Wenngleich es einfach, so nach „gesundem Menschenverstand“ klingen mag: Kinder und Jugendliche von sozialen Medien auszusperren, ist nicht die Lösung. Vielmehr verschiebt ein Social-Media-Verbot das Problem – und die Verantwortung. Hin zu den Kindern, Jugendlichen und Eltern. Weg von den Betreibern der Plattformen.
Wo Kinder ausgesperrt sind, muss man sich ja nicht mehr kümmern
Ein Verbot ist doch für letztere ein Freifahrtschein, um genau so weiterzumachen, wie bisher: Aufmerksamkeit in Gewinn zu verwandeln. Scrollen, liken, kommentieren. Ohne Ende. Und dafür gibt es Herzen. Schreckliche Videos von Terror und Hinrichtungen zu verbreiten.
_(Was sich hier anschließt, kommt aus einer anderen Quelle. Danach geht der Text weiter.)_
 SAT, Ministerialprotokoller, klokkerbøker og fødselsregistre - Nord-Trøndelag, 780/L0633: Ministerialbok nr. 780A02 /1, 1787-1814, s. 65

Hasskommentare ungefiltert laufen zu lassen. Denn wo Kinder und Jugendliche offiziell ausgesperrt sind, muss man sich ja nicht mehr kümmern. Die Vorschläge der Jungen Union, wie Plattformen stärker reguliert werden könnten, sind nur ein erster Schritt.
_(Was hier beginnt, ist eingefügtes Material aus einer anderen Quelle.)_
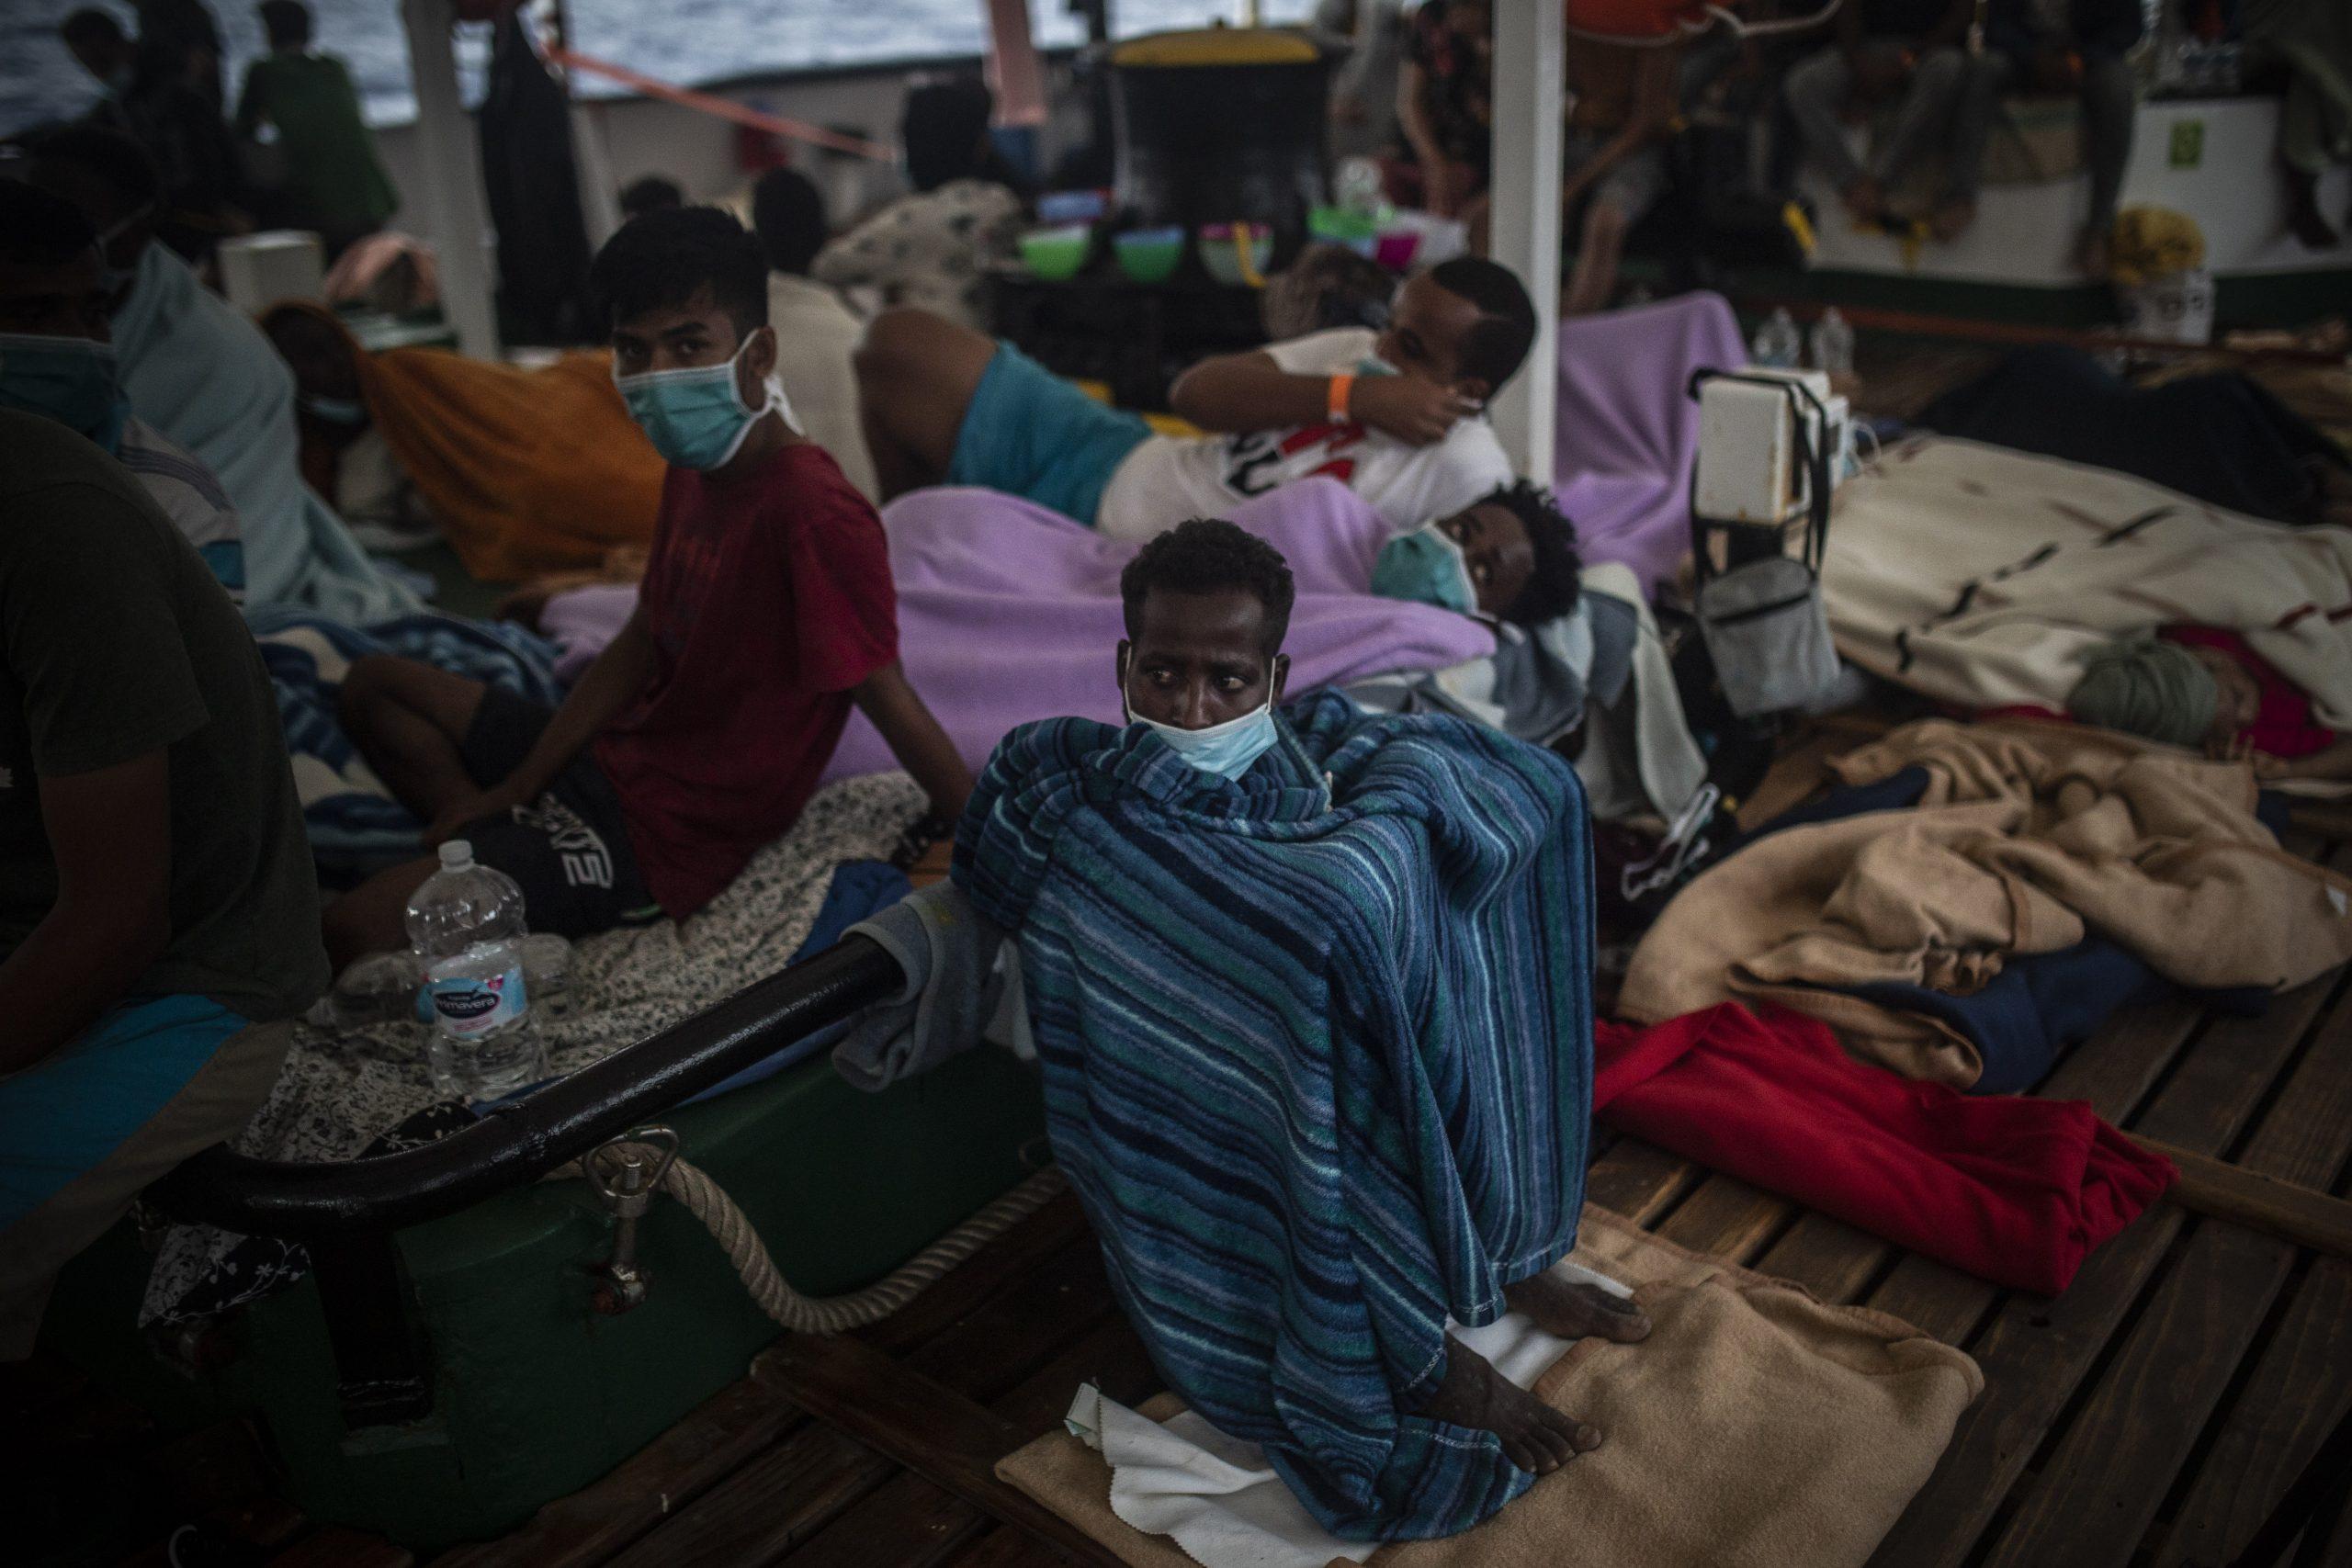 L'allarme che arriva dalla Somalia: in aumento i migranti verso l'Italia

Denn in der ganzen Debatte, in der wohlgemerkt ständig über Heranwachsende – statt mit ihnen – gesprochen wird, vergessen viele schlicht, dass wir längst in einer hybriden Welt leben. Bestimmte Gruppen davon auszusperren, ergibt keinen Sinn: Für Kinder und Jugendliche sind soziale Medien die Austauschplattform Nummer eins. Sie bedeuten digitale Teilhabe, Vernetzung, Freundschaft. Sie sind Teil ihrer Lebensrealität.
Es braucht digitale Schutzräume, die moderiert sind
Doch diese Realität muss in geschützten Räumen stattfinden. Damit all der Hass, die Deepfakes, die pornografischen Inhalte ausgesperrt bleiben. Es braucht Plattformen, die moderiert sind. Auf denen sich Jugendliche sicher fühlen.
Solche Räume zu schaffen, liegt nicht in der Verantwortung der Nutzerinnen und Nutzer. Sondern der Politik und der Plattformbetreiber. Wenn Politiker also nach einem Verbot rufen, verkennen sie die Lebensrealität der jungen Generation. Sie wären besser beraten, würden sie ihre Energie endlich in die Regulierung der Anbieter investieren. Eine Pflicht zur Offenlegung und Deaktivierung von schädlichen Algorithmen, die Hass, Depressionen oder Cybermobbing verstärken, wäre ein Anfang.